Моя любовь к литературе началась благодаря отцу Ивану Фёдоровичу через Григория Мелехова и Василия Тёркина. Правда, моё знакомство с Александром Трифоновичем Твардовским возникло ещё до Великой Отечественной войны (ВОВ, как пишут ослабевшие от голода пенсионеры и сытые, но ленивые журналисты). Было мне тогда лет пять или шесть от роду... Я не умел даже читать. Слушать, однако, умел.
Поэт явился в нашей сосновой избе году в 1936-м, не раньше. Голос моего старшего брата Юрия навсегда запечатлел в моей памяти трубокура и балагура Ивушку, жилистого деда Данилу, который парился в бане “в потолок ноги”. И ещё что-то смутное, волнующее о ловле рыбы решетом. Брат вслух читал журнал “Колхозник”.

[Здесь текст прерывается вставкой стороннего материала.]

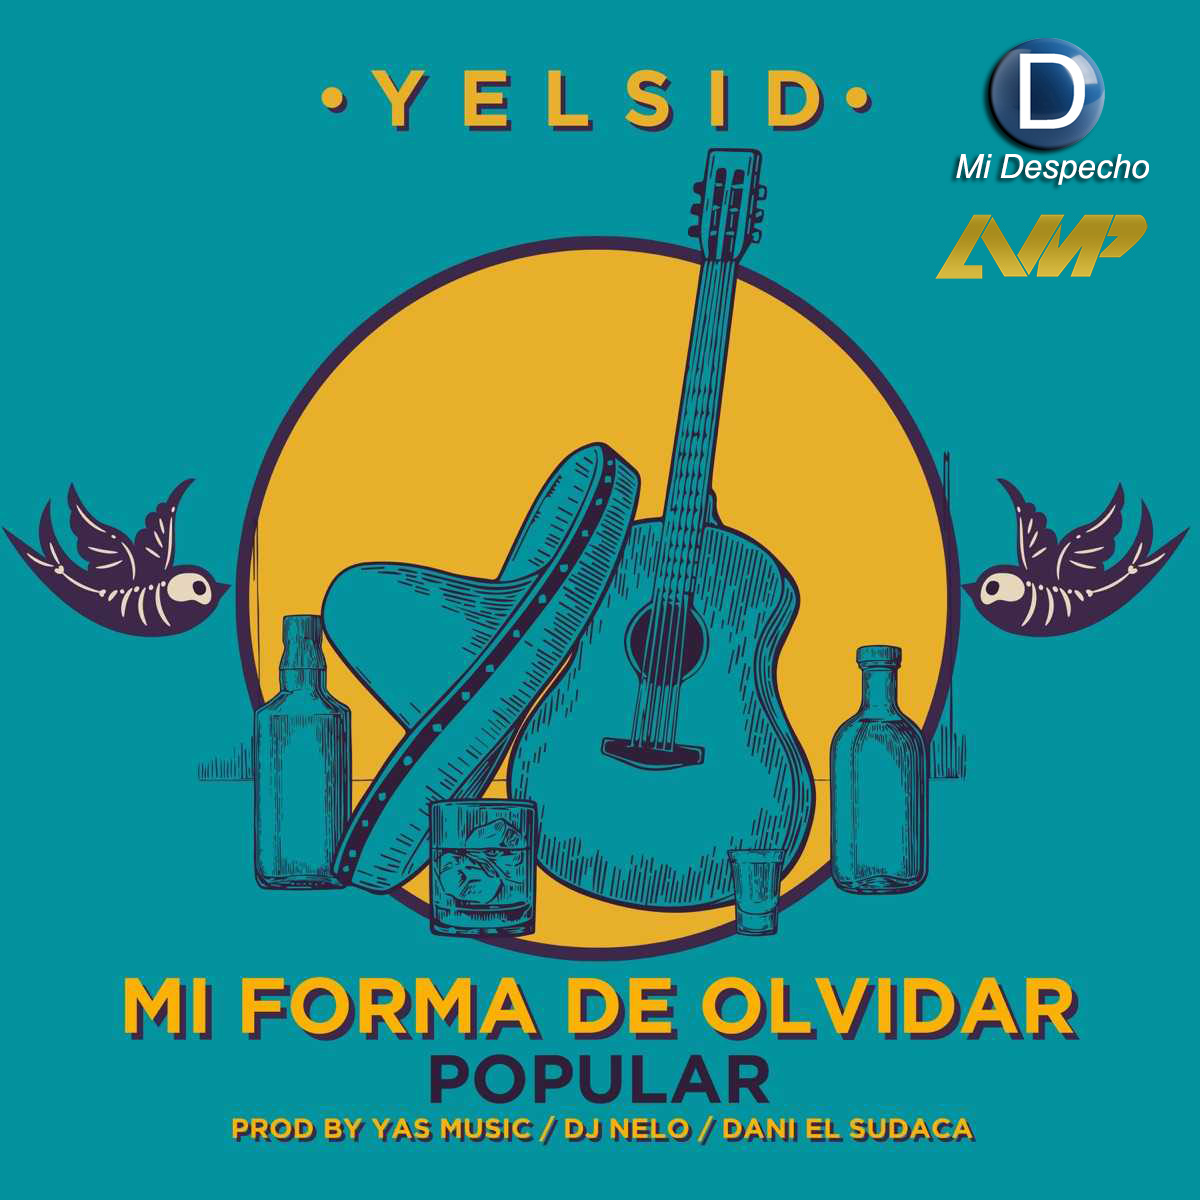 Yelsid Mi Forma De Olvidar Frontal

Настоящая литература — это когда читатель, слушатель знать не знает писателя, общаясь с героем, а не с автором. Счастливы при добротной литературе оба: и читатель, и автор, не ведающие друг о дружке! (Примерно в таком читательском состоянии бродил я по тайге вместе со старым Гольдом или слушал завиральные истории старого негра про братца Кролика.)

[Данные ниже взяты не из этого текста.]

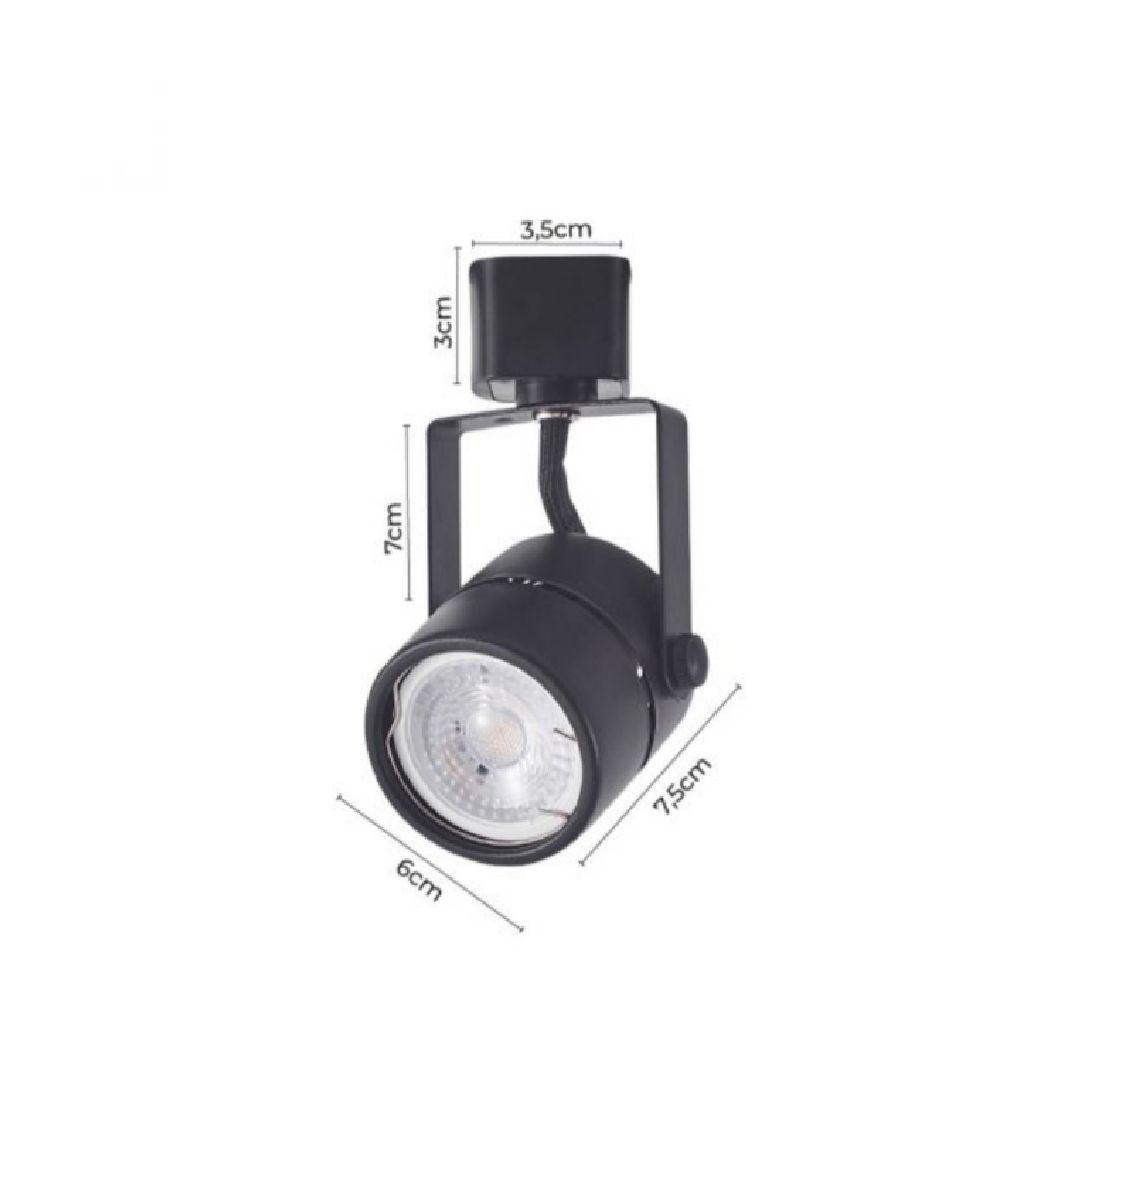 Kit Trilho Eletrificado 2m Preto Nordecor + 4 Spot Redondo MR16 / GU10 + Lâmp. Led Luz Quente

Вторая, уже осознанная встреча с Твардовским произошла во время войны. Моего отца отпустили на несколько дней домой после ранения. Помню, как он рассказывал нам про книгу “Тихий Дон”, сожалея, что не успел дочитать её в госпитале. Тогда же рассказывал он и про Василия Тёркина.
У меня осталось чёткое ощущение: сами Шолохов и Твардовский стояли для отца как бы на втором, совершенно размытом плане, на первом же плане стояли очень близко, почти реально, Григорий Мелехов и Василий Тёркин.
Семью нашу, как миллионы иных семей, судьба “не обошла тридцатым годом, и сорок первым, и иным” — российская неласковая судьба! Уезжая на фронт во второй раз, отец, должно быть, чувствовал трагическую развязку своих предвоенных метаний между Москвой и Тимонихой. Но мог ли он предположить, что сложит голову именно на Смоленщине?
Помню, как в Коктебеле два среднеазиатских писателя внушали мне прямо противоположные мысли. В одно ухо поёт “куштун”, в другое “пуштун”. Я отмалчивался изо всех сил. Чёрное море без остановки гнало свои волны на Коктебельскую набережную. В Афганистане гибли лучшие русские парни. Покинул я тогда гостеприимный писательский дом и поехал в Смоленск, чтобы посоветоваться с отцом...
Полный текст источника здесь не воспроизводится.